Tra i vari ritratti è probabile che si celi anche quello del giovane Amerigo, identificabile nel ragazzo a sinistra della Vergine o forse piuttosto dell’angioletto di sinistra che sostiene il manto e, una seconda volta, nella figura che compare nella Pietà alle spalle dello zio Giorgio Antonio.
La Firenze del giovane Amerigo
Sappiamo poco dell’infanzia di Amerigo, se non che cresce in uno dei momenti più floridi della storia fiorentina, quello che vede il consolidarsi del potere della famiglia Medici grazie all’abile gestione politica, culturale ed economica avviata da Cosimo il Vecchio.
Sono gli anni in cui Firenze si trasforma in un centro culturale ineguagliabile, che attira i più importanti artisti ed intellettuali del tempo. Gli anni in cui fioriscono le scienze e gli studi astronomici, grazie alla presenza di Paolo del Pozzo Toscanelli, matematico e cartografo che intratterrà una importante corrispondenza con Cristoforo Colombo, fornendogli i suoi calcoli (errati!) per la traversata oceanica e spronandolo a tentare l’impresa.
A Firenze, città di scambi e di commerci, arrivano anche i racconti degli incredibili viaggi compiuti da mercanti e viaggiatori. Come quelli compiuti dai Portoghesi, che non potendo battere l’egemonia sul Mediterraneo delle vecchie Repubbliche marinare, cercano nuove rotte per raggiungere l’Oriente e iniziano ad esplorare le coste occidentali dell’Africa e ad inoltrarsi sempre più nelle acque dell’Atlantico.

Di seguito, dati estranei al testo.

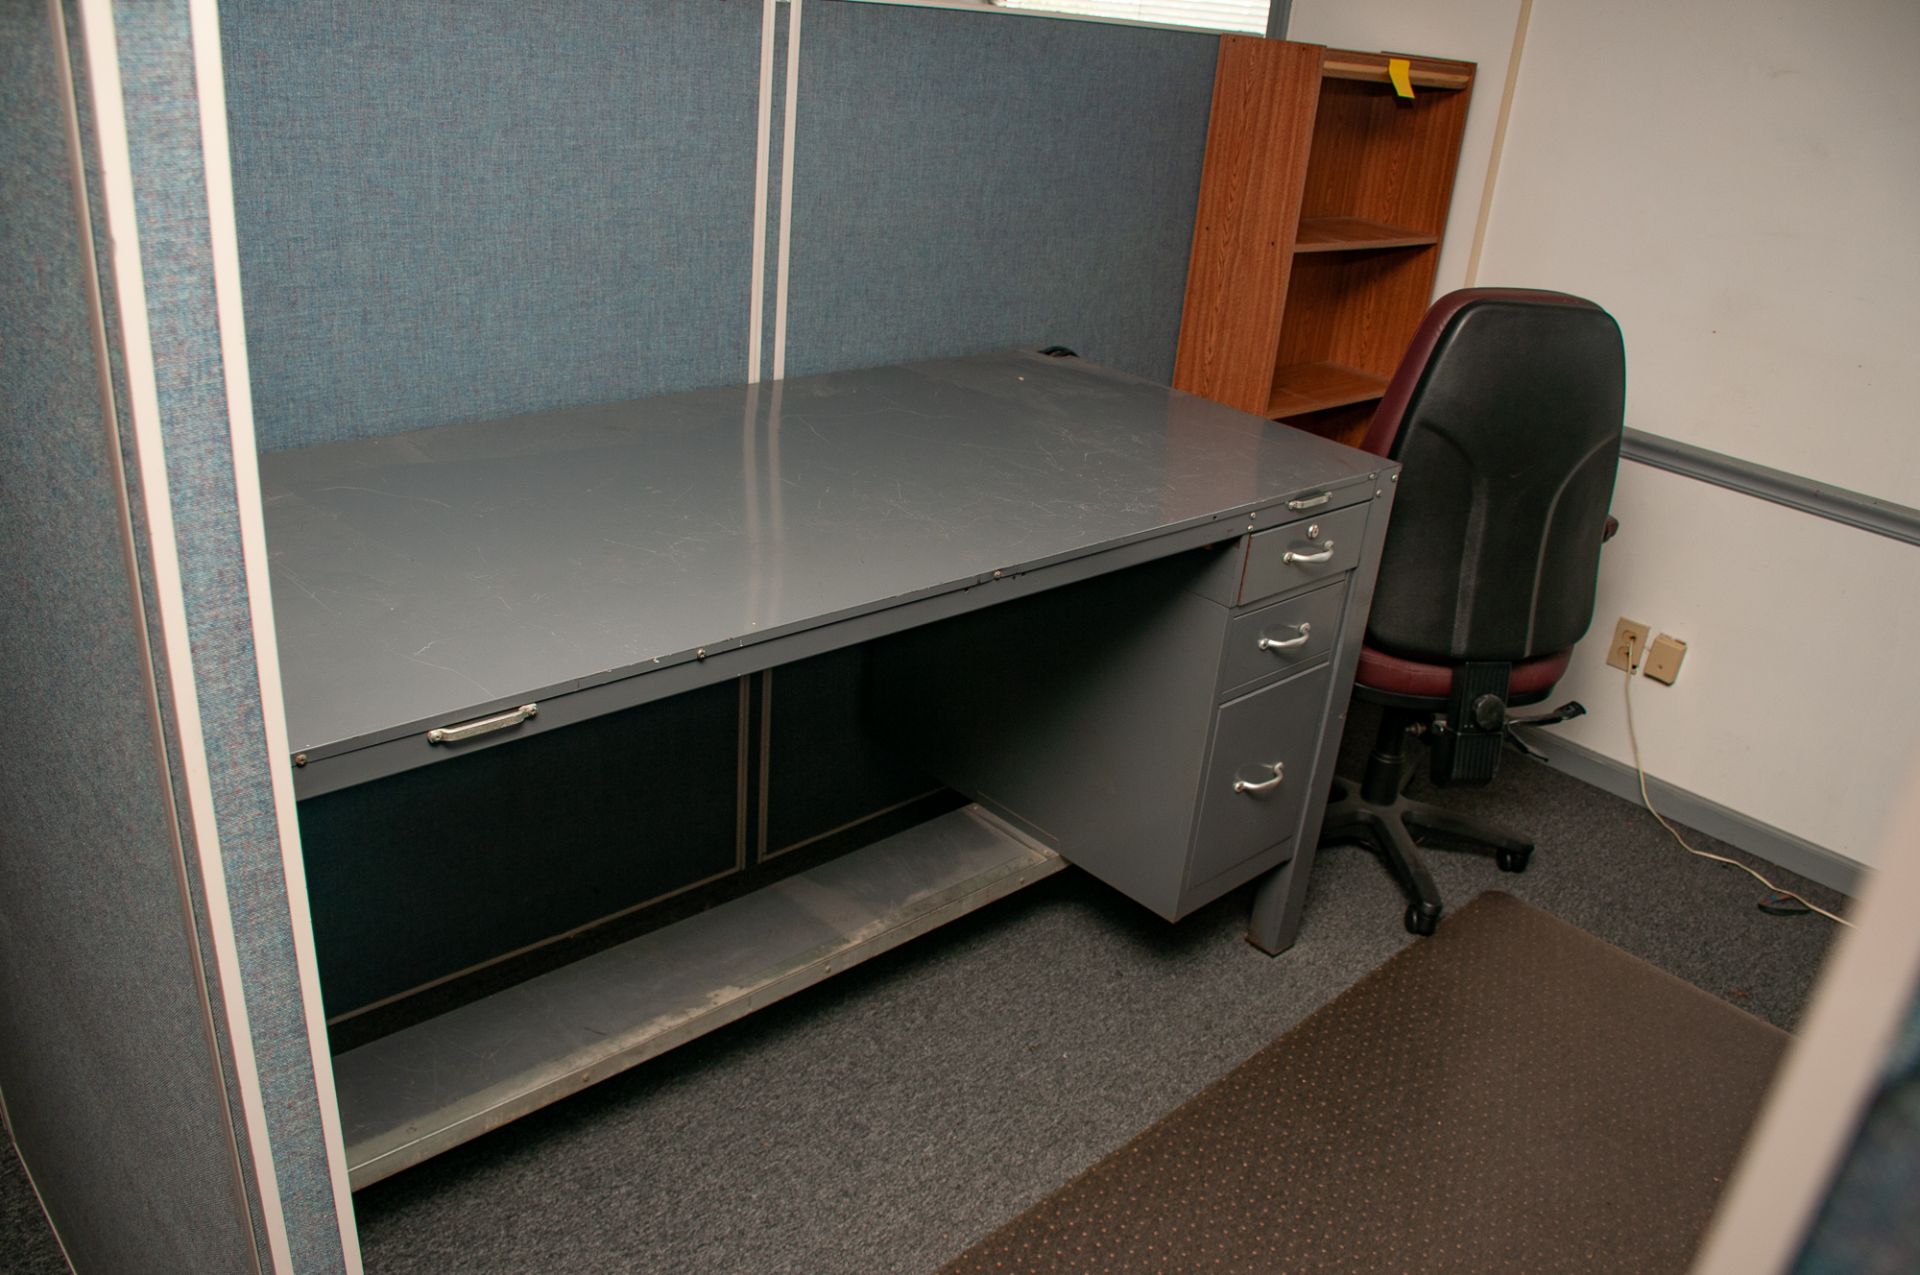 Office Furniture On Second Floor Front of Building, Microwave, Refridgerator, Desks Chairs, Filing C - Image 22 of 37

L’infanzia e la formazione negli anni fiorentini
L’educazione di Amerigo viene affidata allo zio Giorgio Antonio, fine umanista ed amico stretto del filosofo Marsilio Ficino, che gli insegna, tra le altre materie, il latino, lingua indispensabile per la corrispondenza con l’estero e in campo diplomatico. Ha all’incirca 24 anni quando, ancora sotto la tutela dello zio, compra per un’ingente somma una carta nautica di Gabriel de Vallseca eseguita a Maiorca, forse indizio della sua smania di partire o più semplicemente dei suoi interessi scientifici.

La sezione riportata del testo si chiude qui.